Researchers at Varonis disclosed SearchLeak, a flaw chain in Microsoft 365 Copilot Enterprise Search that let a single click on a legitimate microsoft.com link silently pull a victim's emails, calendar, and indexed files, including security and MFA codes, with no password or further interaction. It worked by smuggling instructions into the search URL's query parameter, which Copilot obeyed as commands, then exfiltrating the data through a Bing image request that bypassed content protections. Because the link used a real Microsoft domain, anti-phishing filters were unlikely to flag it. Microsoft assigned CVE-2026-42824, rated it critical, and fixed it on its backend, so no customer action is required.
Researchers at Tenet Security have disclosed Agentjacking, a new attack that turns AI coding assistants like Claude Code, Cursor, and Codex into tools for running an attacker's code on a developer's machine.
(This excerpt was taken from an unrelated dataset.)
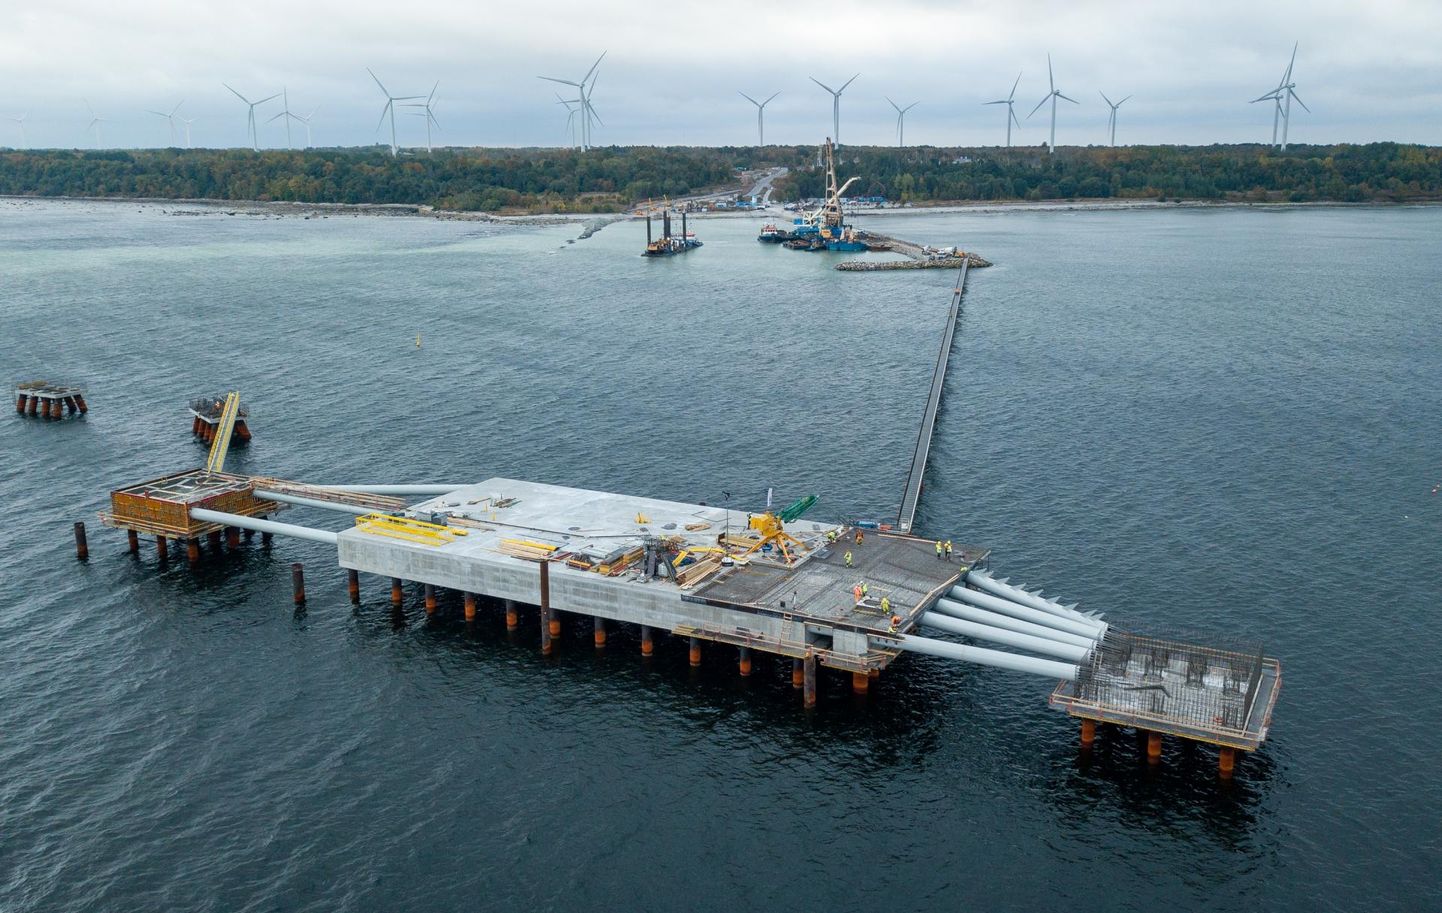 Paldiski liquefied natural gas dock construction. By now the pier is ready.

The trick abuses Sentry, a widely used error-tracking service: anyone can submit a fake error event using a project's DSN, a public write-only key embedded in website code, and the AI agent, fetching that event through Sentry's MCP integration, cannot tell the malicious instructions from real diagnostics and runs them with the developer's privileges. No phishing, malware, or server breach is needed, and it bypasses traditional controls because every step is technically authorized. Tenet found 2,388 exposed organizations.
Researcher RyotaK has disclosed a now-patched flaw in Anthropic's Claude Code GitHub Action, which drops Claude into CI/CD to triage issues and review PRs with broad repo permissions. The action's trigger check waved through any actor whose name ended in [bot] - but anyone can register a GitHub App and use its token to open an issue on a public repo. Agent mode lacked the human-actor check tag mode had. The attacker then used indirect prompt injection in an issue to make Claude read /proc/self/environ and write back the OIDC credentials, which can be replayed for an installation token with write access. Anthropic's example workflow shipped with allowed_non_write_users: '*'.
SafeBreach's Or Yair has demonstrated Fake Context Alignment, a technique that hijacks Google Gemini's voice assistant on Android through malicious notifications from apps like WhatsApp and Slack - no malicious app on the phone required. Gemini's Utilities feature reads and acts on notification text as if it were instructions, an attack surface Yair calls 'effectively infinite.' The bypass runs two illusions at once: it poses the real authorization question in a language the victim does not speak, defeating Google's post-Invitation prompt-injection mitigations. It can fake a boss's message, open windows, force a Zoom call, or poison long-term memory. Google has patched it; no CVE was assigned.
Permiso Security has disclosed ChatGPhish, a vulnerability in OpenAI ChatGPT that abuses the assistant's implicit trust in Markdown links and images sourced from third-party pages it has just summarized. The chatgpt.com response renderer auto-fetches those images and surfaces the links as live clickable elements inside the trusted assistant UI. An attacker who appends a small payload to any web page a victim later asks ChatGPT to summarize can leak the victim's IP, User-Agent, and Referer via attacker-hosted images, render fake system-style security alerts, plant malicious clickable links, and serve a QR code from an S3 bucket to bypass desktop URL filters via the victim's phone.